Don't compare your old students to your new students. Yeah, we do it. Yeah, it's inevitable. But those comparisons can eat you up. I loop with my students: I get my ninth graders for a two year world history loop. So when I said goodbye to my tenth graders last May, I knew what was coming. I have looped back down before: this year was the fourth time I've done it. However, the contrast this year really hit me. In too many instances I only saw what my students couldn't do. In other times it was comparing second semester tenth graders to first semester ninth graders.

Combine these two things for a solid month? Come the middle of November I was a mess.

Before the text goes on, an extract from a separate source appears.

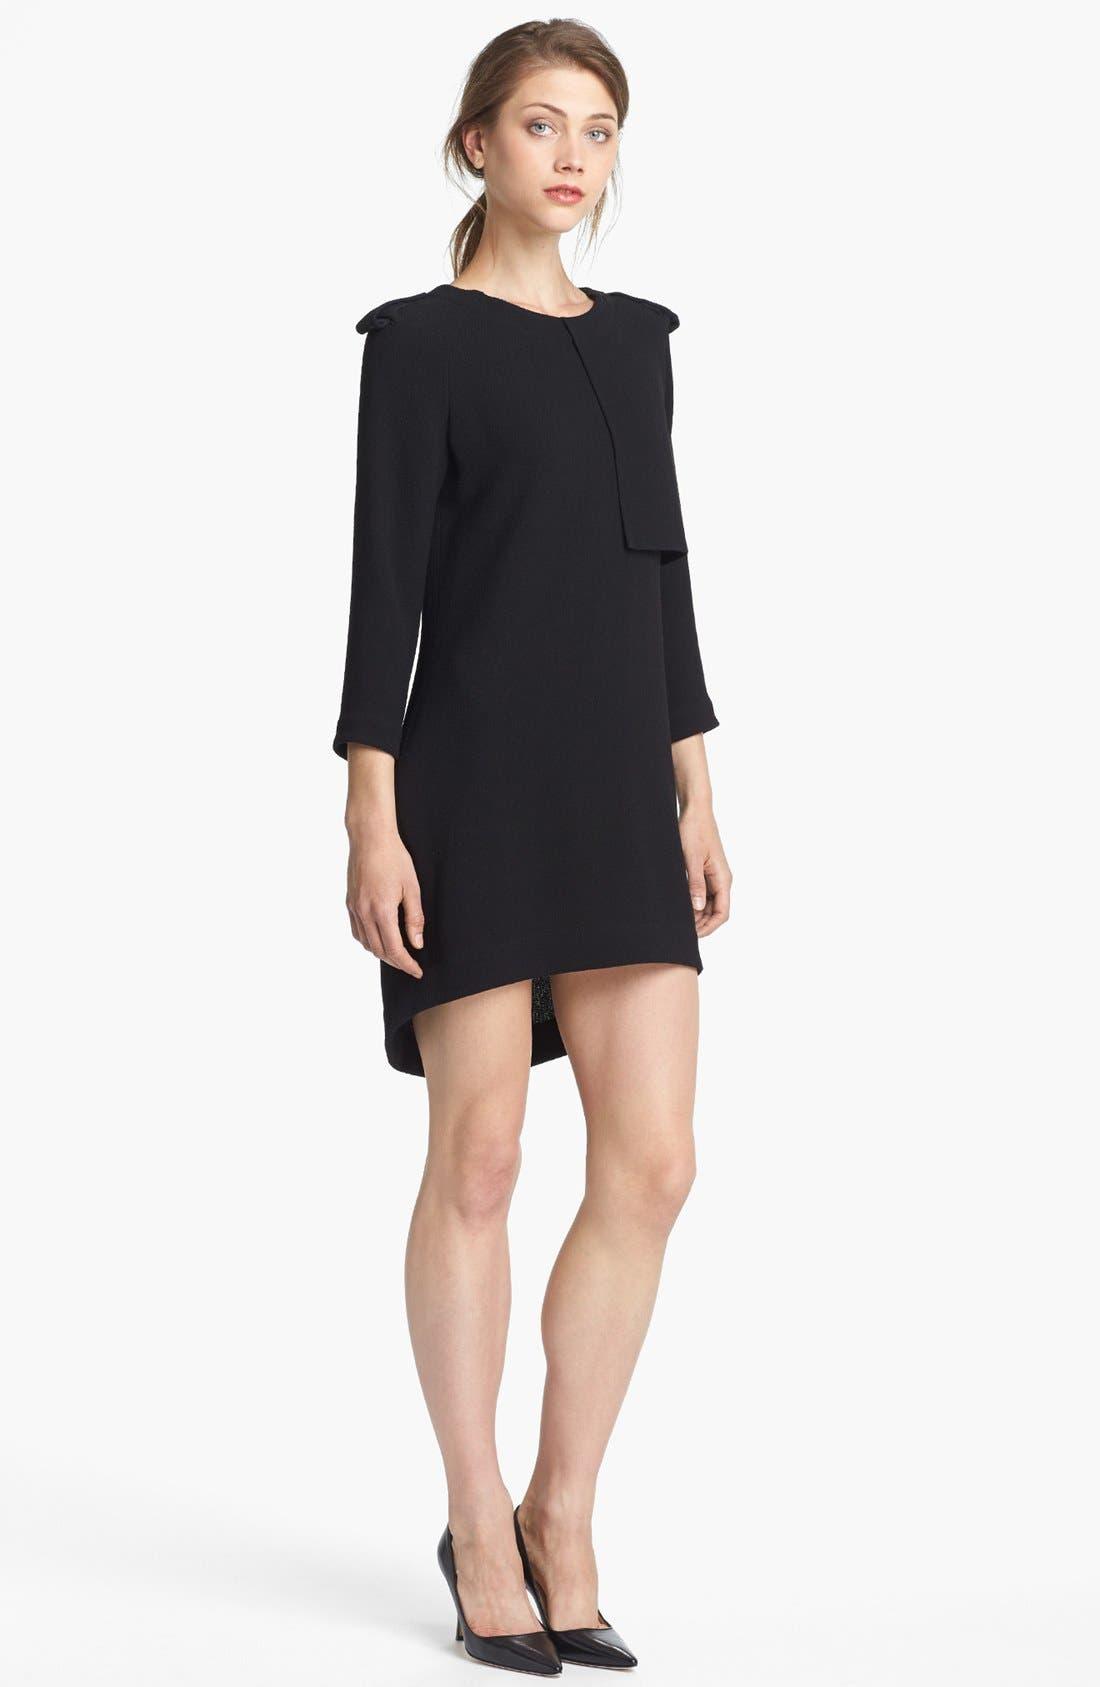 Alternate Image 1 Selected - A.L.C. 'Svieta' Wool High/Low Dress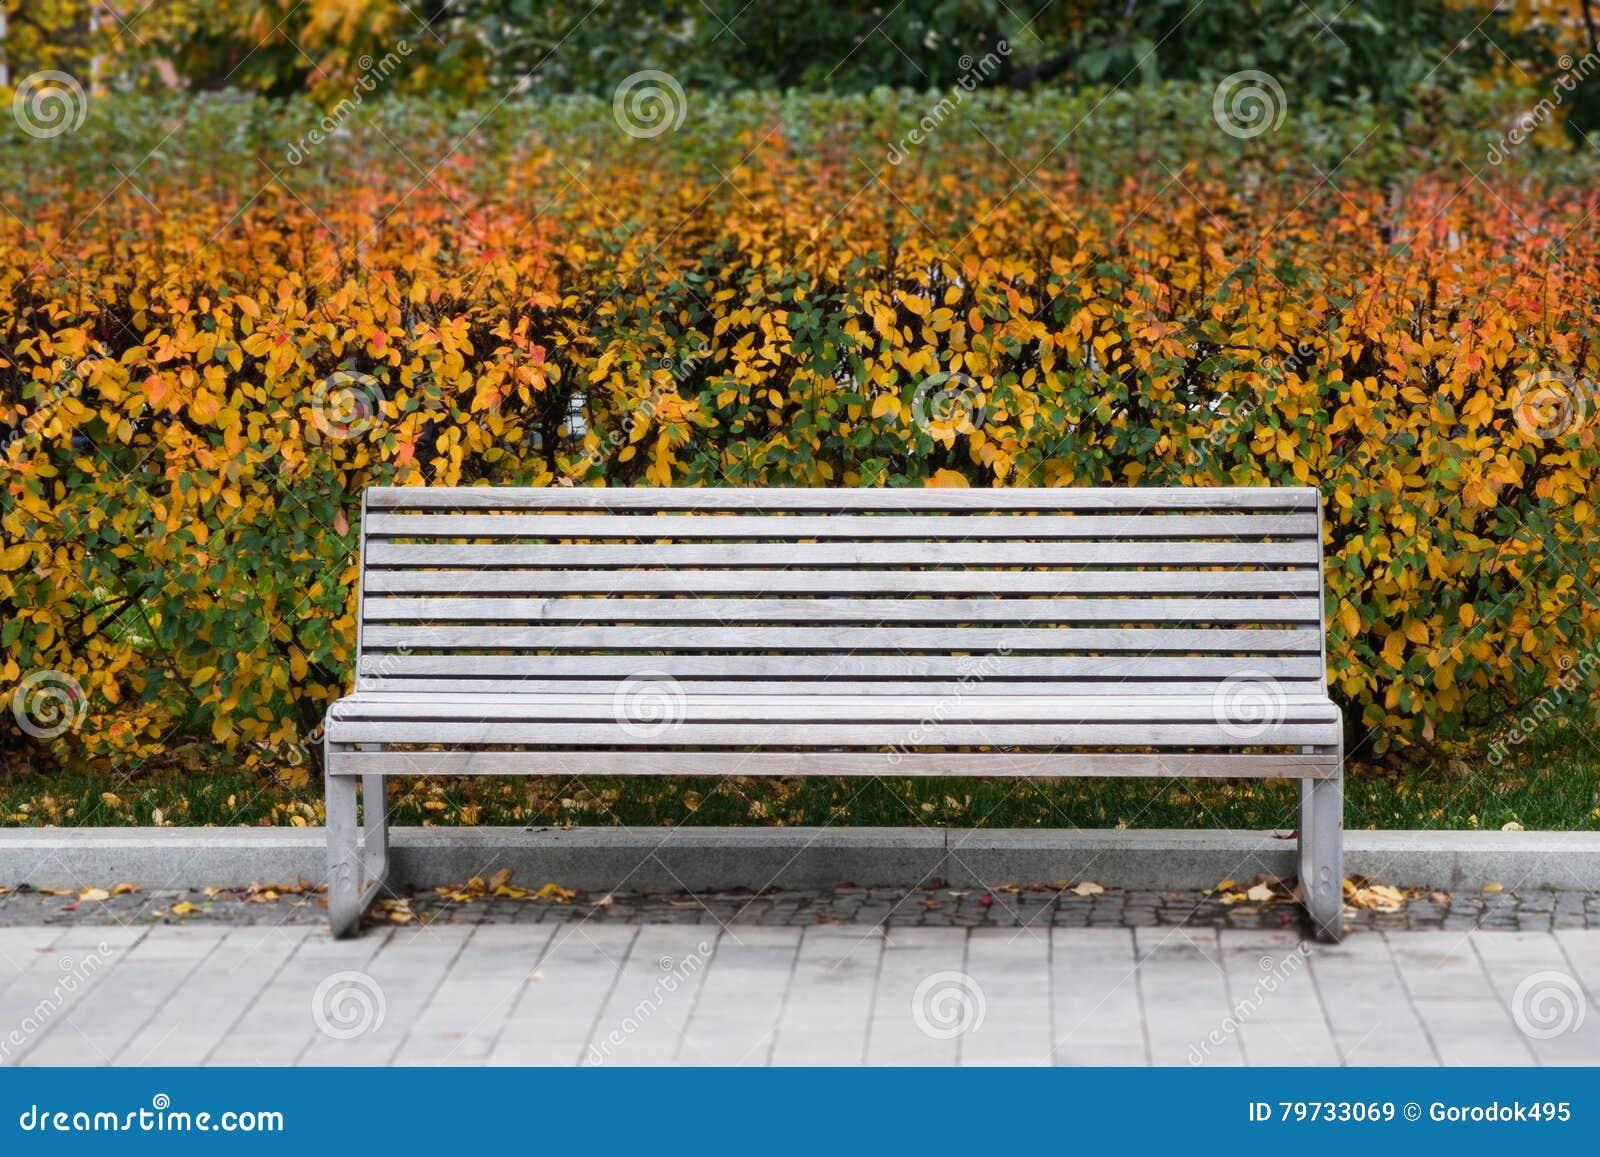 White Bench In The Park. Autumn Scene Still Life. Colorful

I felt like a phony: here I was, advocating trying new things in the classroom and celebrating what your students can do when you get out of their way and I couldn't get out of my own way.

Finally, Victoria asked me about all the things my students could do. Asked about what was going right. And finally, slowly, I started to focus on the great thinking my students were doing. I started to be kinder to myself, to see my students for who they were: freshmen who I had another one and a half years with. Talented kids who were making strides at critical thinking and owning their learning.

And that focus made all the difference. I started seeing the amazing projects they were working on. The student who taught me a ton about the transgender movement. The kids who shared a ton of information about a fascinating slave revolt in Rome that I had never heard of.

And here we are, in December. First semester is (shockingly) almost done, and things are looking up. All it took was someone asking me the right question.